Riddler Express – 11/16/2018

The latest Riddler is out. I worked on the express puzzle this week.

The Riddler Express was related to the current World Chess Championship, which is in progress. The setup is that there is one player who is slightly stronger than the other, so that the stronger player wins 20% of the time, the players draw 65% of their games, and the weaker player wins 15% of their contests. The two players face-off in a championship of 12 games where a win counts for one point and a tie counts for a half point each.

The Solution

The first question is to determine the probability that the stronger player wins over the course of the 12 matches. The answer is 0.5195. This is calculated by using a normal distribution,  for the number of points won, with mean 6.30 and standard deviation 1.02. The probability of the stronger player winning the whole competition is the same as getting a score higher than 6.25 in the above normal distribution. I calculate the probability using Excel.
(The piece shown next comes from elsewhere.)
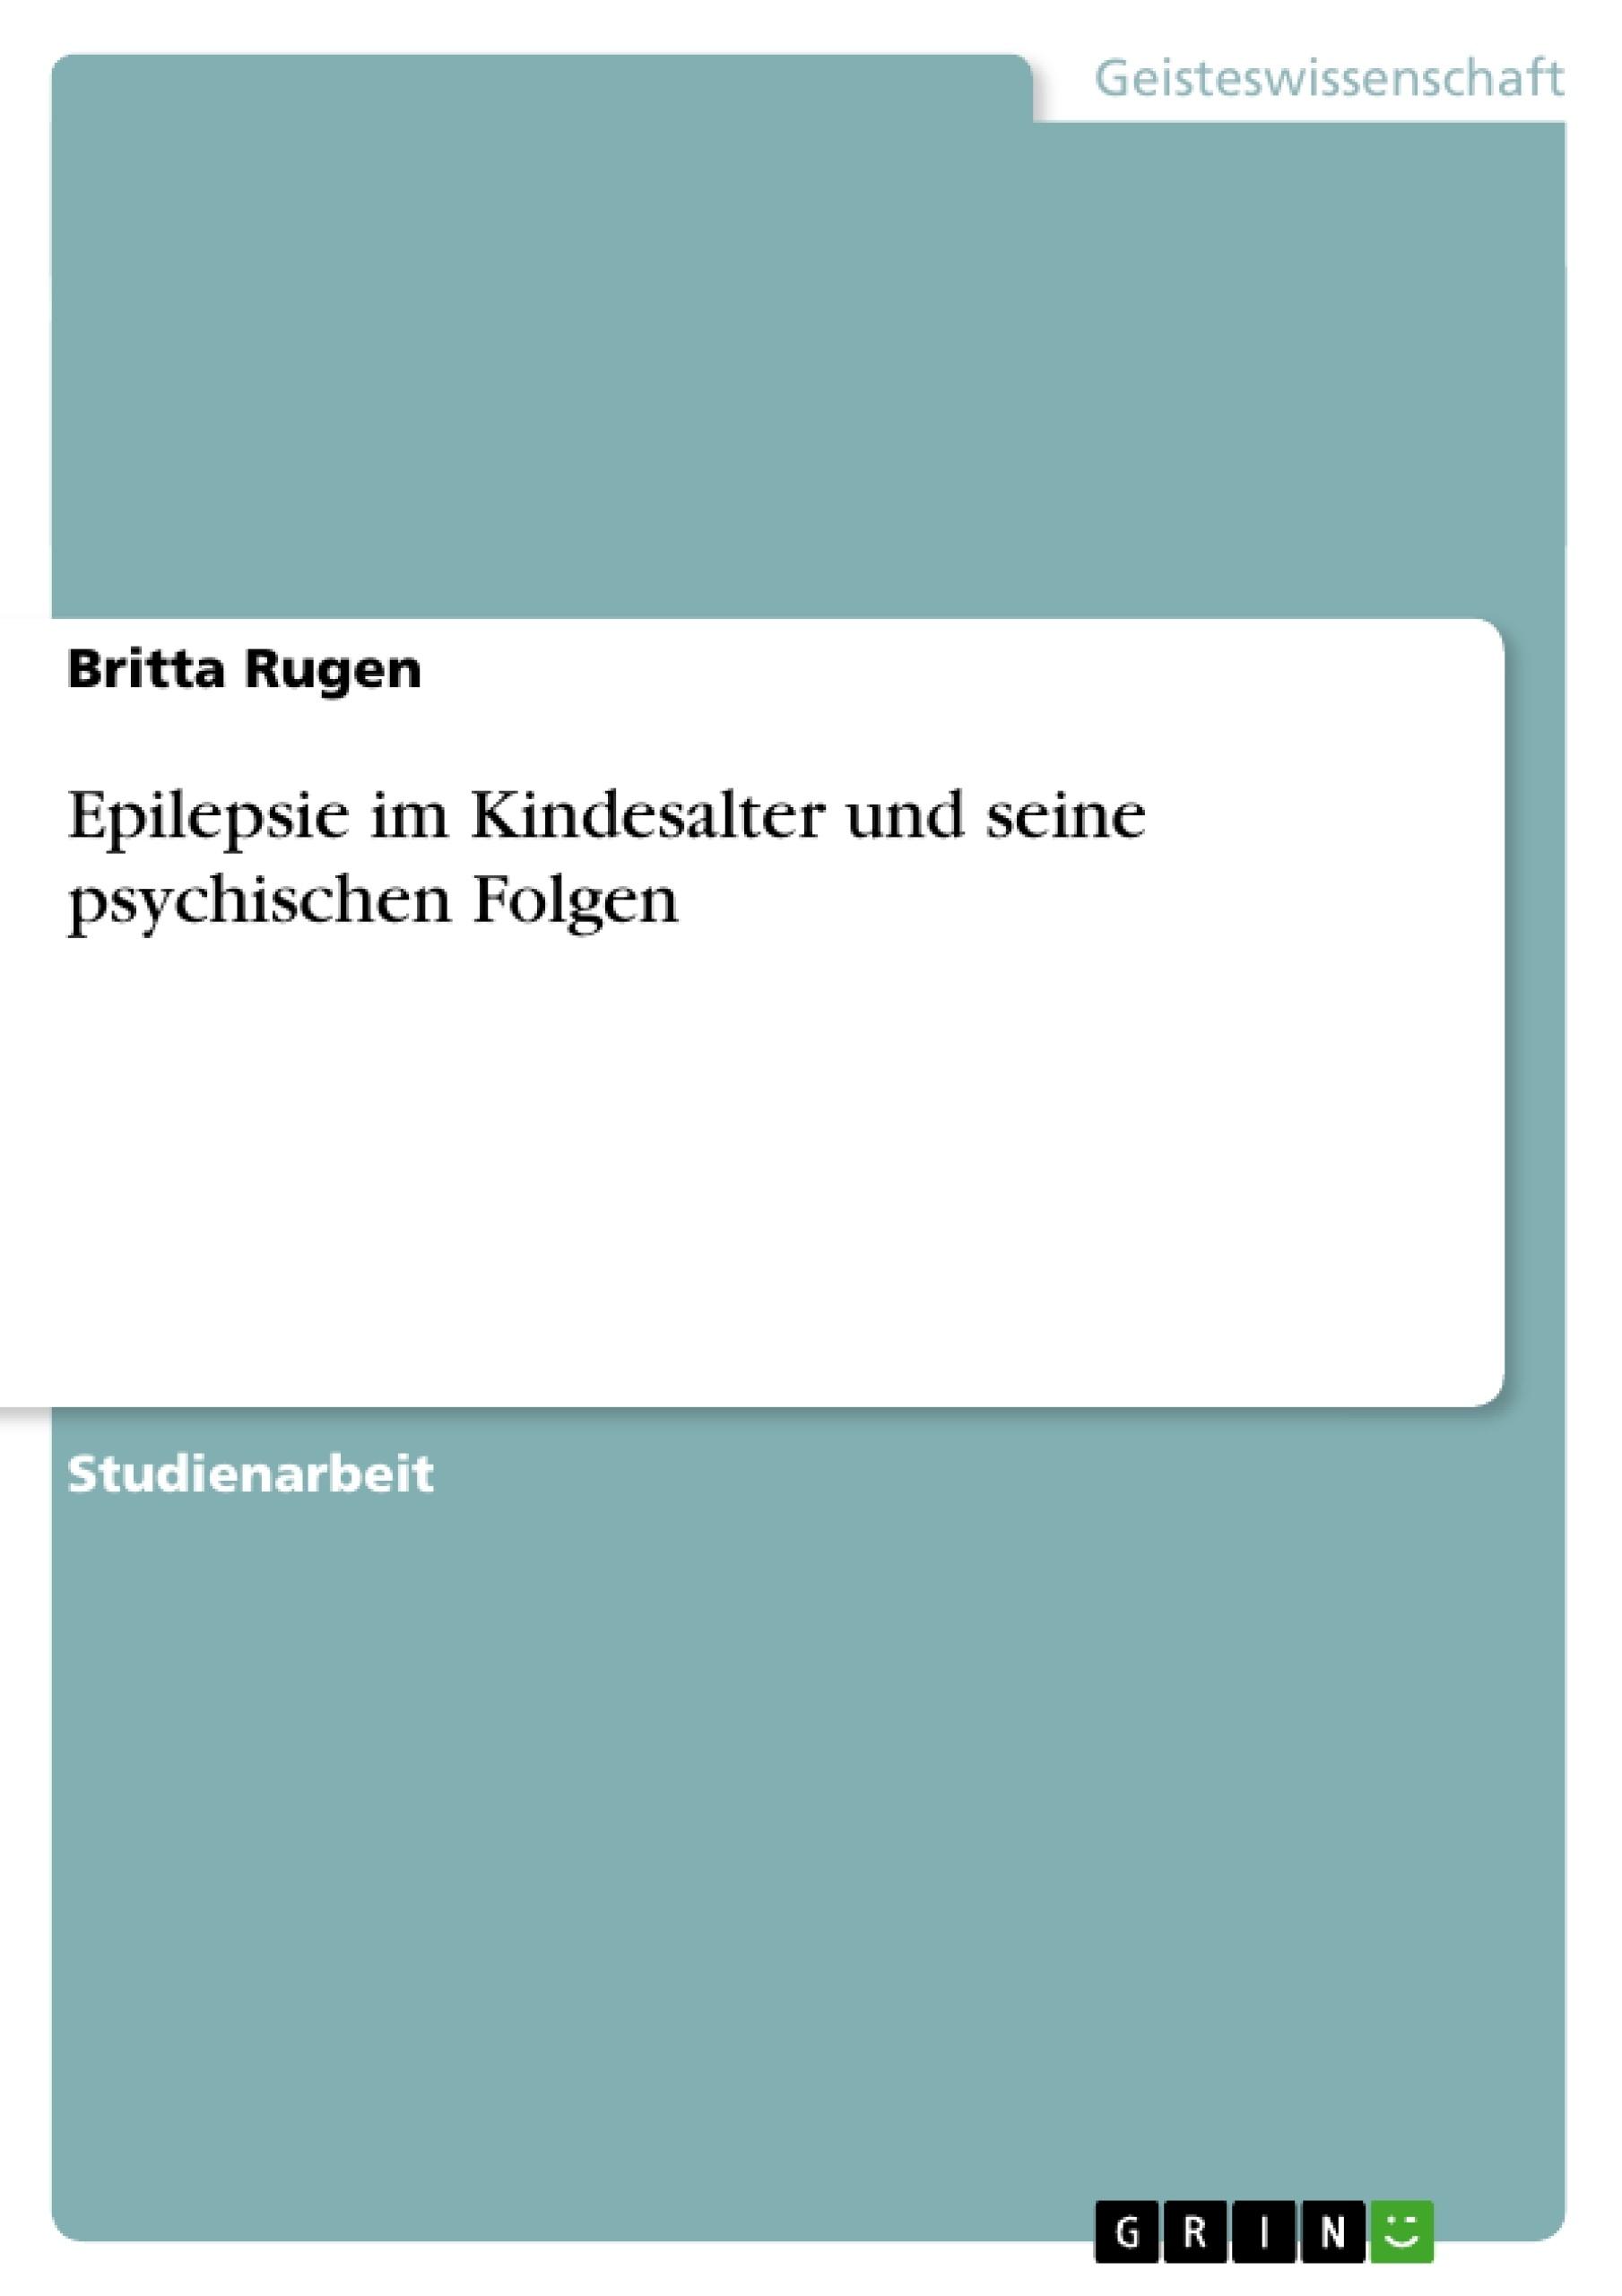 Titel: Epilepsie im Kindesalter und seine psychischen Folgen

The mean and standard deviation for the above normal distribution are calculated using the mean and standard deviation of the random variable for the points from one game. The calculations for both of those are below.

$\mu_1 = 0.2*1 + 0.65.5 + 0.15* 0 = 0.525$

$\sigma_1 = \sqrt{0.2*1^2 + 0.65*0.65^2 + 0.15*0^2 - 0.525^2} = 0.294$

The mean and standard deviation for the points from twelve games comes from the following calculations.

$\mu_{12} = 12 * \mu_1 = 6.3$ and $\sigma_{12} = \sqrt{ 12 * \sigma_1^2} = 1.02$

(I think that the better way to do the calculation is to use a t-distribution with 11 degrees of freedom. When I do that, I get the probability of victory  to be 0.5191.)

The second part of the problem asked how many games are required for the stronger player to win 75%, 90%, or 99% percent of the championships. The answers are 83 (82.02), 248 (247.89), 773 (772.12) games.

To solve this problem, I started by calculating the mean and standard deviation of the point distribution for n games to be as follows.

$\mu_n = n \cdot \mu_1$ and $\sigma_n = \sqrt{n \cdot \sigma_1^2}$

For a given desired probability of victory, $p$, set $z_p$ to be the z-score in the standard normal distribution associated with $P(z < z_p) = p$. The required number of points to win is $v_n = \frac{n+1}{2}$. However, to account for a continuity correction, the proper number of points for the normal distribution is $x_n = \frac{2n+1}{4}$.

To assure that the stronger player wins total victory with probability at least $p$, the following inequality must be true.

$\frac{x_n - \mu_n}{\sigma_n} > z_p$

After substituting for the definitions of $x_n$, $\mu_n$, and $\sigma_n$, we get the following.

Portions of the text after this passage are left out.